Good coaching includes discouraging tactics that violate the law or spirit of the rules, or that may increase the incidence of injuries. 


Warm Up Properly

The following are some key principles of warming up...

  1. All players should warm up perpendicular to the volleyball net, because all service reception and defensive actions are carried out in the direction facing the net.

  2. Only the net athletes are allowed to perform accurate or inaccurate offensive action, while the back-court athletes should try to always execute a perfect pass to the net. The only exception is the setter's warm up game, and that should be done as close to and parallel to the net as possible to simulate their match actions.

  3. Front row players should perform many jumping actions. This mean to move quickly from executing hits and or tips from a standing position to offensive action where the athlete is jumping near the net.

  4. Three person warm up games should be used over two person warm up games because to play in a triangle is the basic concept of the sport of volleyball. In this situation, two of the athletes can be either at the net or at the end line of the court.

  5. During the warm up, drills should be chosen that make the athletes focus on some skill to train their ability to anticipate.

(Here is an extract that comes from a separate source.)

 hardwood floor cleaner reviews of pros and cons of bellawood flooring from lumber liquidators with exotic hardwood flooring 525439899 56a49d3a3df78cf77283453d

  6. Warming up with small court games that include the net system and volleyball specific movements and actions ensures a preparation that reflects certain volleyball match situations.

  7. Warming up to hit should always be carried out indirectly. This means that prior to the offensive action there is a serve reception or defensive action. This trains the setter and the hitter to set and hit after a perfect first pass.

  8. If a setter is jump setting during matches then she/he should be jump setting during the warm up and if possible, she/he should begin with a small penetrating run.

  9. The running portion at the beginning of each warm up should always take place in the volleyball court (no running in circles). An arm and shoulder stretch and warm up should also be included right from the beginning.
Volleyball Conditioning Drills

Setter Conditioning Drills

The following volleyball conditioning drills are for setters. 

It is beneficial for a setter to strengthen his or her hands and arms and to perform agility exercises. 

Some suggested exercises are...

  1. Squeeze a tennis ball or soft rubber ball.

  2. Do fingertip pushups.

  3. Do wrist curls with weights or food cans.

  4. Throw and catch a heavy ball, such as a basketball, a weighted volleyball or a medicine ball.

  5. Do movement skills, such as running and crossovers.

  6. Do squats to help flexibility of knees.

With that said, the most important thing for a setter to do to get stronger by performing the skill of setting. The more repetitions setting, the stronger your setter will get. It's that simple. 


Strategies for Conditioning for Volleyball

Your volleyball conditioning drills should involve training in intervals. 

Volleyball is a sport that is has an anaerobic component that should be trained. For example, on average, plays in volleyball last between 5 and 15 seconds. During these 5 to 15 seconds, movements need to be quick and explosive. 

This is different than if you were an endurance athlete such as a cross country runner. 

This basically means that since it's an advantage to be quick and explosive, this is how you should condition for volleyball. 

Drills that involve being explosive for 5 to 15 seconds will closely mimic the pace of a volleyball match. 

Resting between intervals is critical for building explosive power. 

It's also important to point out that how much rest you get in between intervals is important. For example, if you don't let your players rest during your conditioning drills, players won't be training the right energy system to be strong and explosive. 

The extreme case is of a coach not understanding how to condition for volleyball and this having players run distance or some other form of aerobic endurance training to get in shape. 

Volleyball is a sport played by performing explosive movements with many change of direction motions. And there is a break in the action for players to recover for the next play. It's this recovery time that is so important for players to be recovered and ready to be explosive on the next play.